*DATASET RECORDS*:
= Beginning of Section =
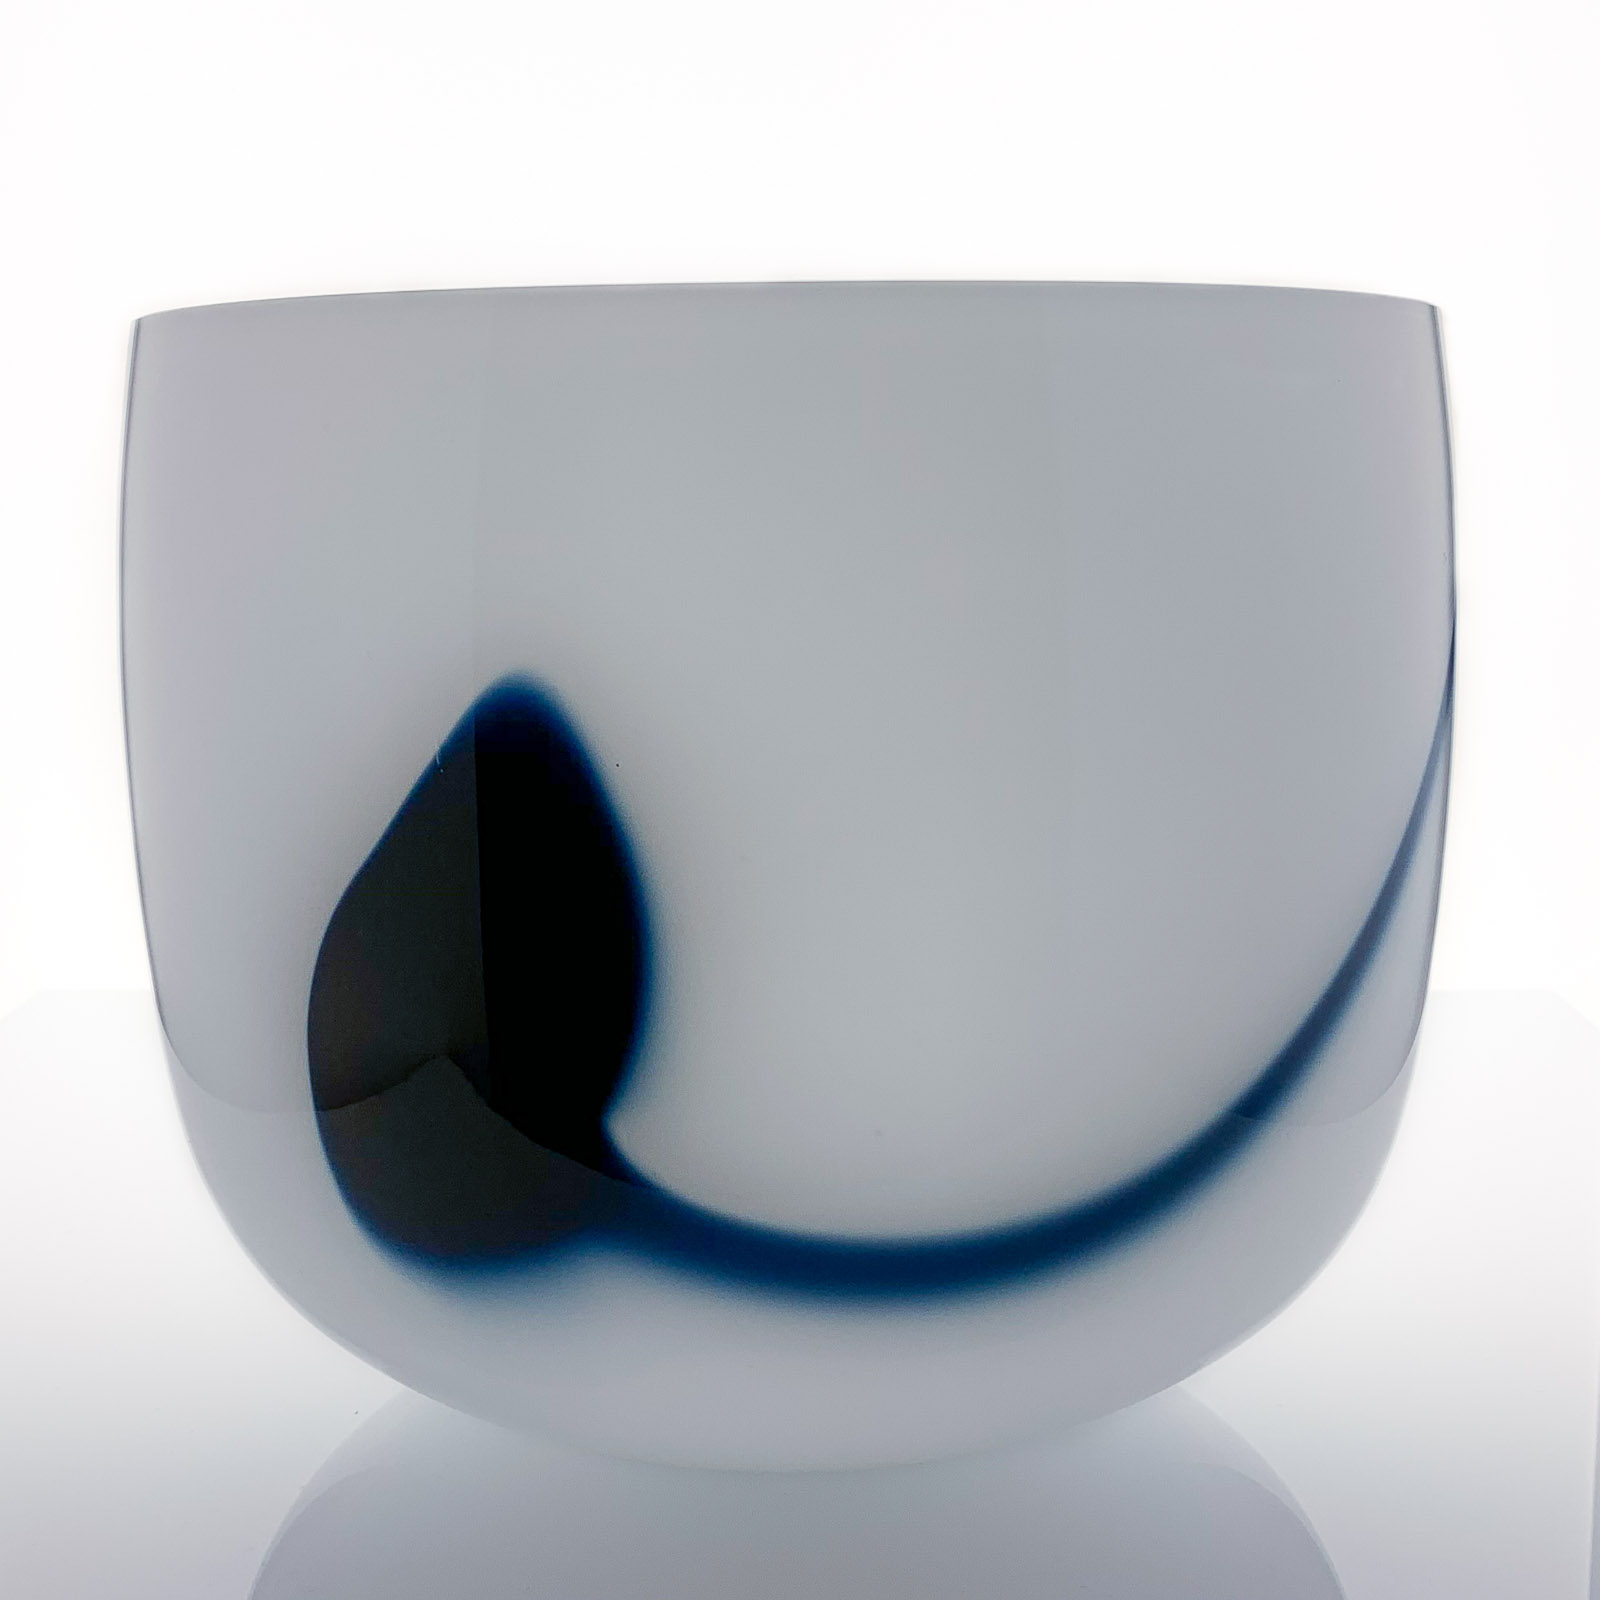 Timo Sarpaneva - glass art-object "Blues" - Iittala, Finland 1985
= End of Section =
= Beginning of Section =
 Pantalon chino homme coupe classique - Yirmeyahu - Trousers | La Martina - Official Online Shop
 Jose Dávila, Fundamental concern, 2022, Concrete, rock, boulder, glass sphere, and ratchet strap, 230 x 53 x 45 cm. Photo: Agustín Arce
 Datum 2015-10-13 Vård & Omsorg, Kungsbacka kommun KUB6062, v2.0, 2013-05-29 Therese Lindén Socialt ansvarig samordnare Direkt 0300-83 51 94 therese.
= End of Section =
*AIM OF THE TASK*: Return, word for word, the lines of the data above from the line with "Pantalon chino homme" through the line with "Datum 2015-10-13 Vård", inclusive.

*FINAL ANSWER*:
 Pantalon chino homme coupe classique - Yirmeyahu - Trousers | La Martina - Official Online Shop
 Jose Dávila, Fundamental concern, 2022, Concrete, rock, boulder, glass sphere, and ratchet strap, 230 x 53 x 45 cm. Photo: Agustín Arce
 Datum 2015-10-13 Vård & Omsorg, Kungsbacka kommun KUB6062, v2.0, 2013-05-29 Therese Lindén Socialt ansvarig samordnare Direkt 0300-83 51 94 therese.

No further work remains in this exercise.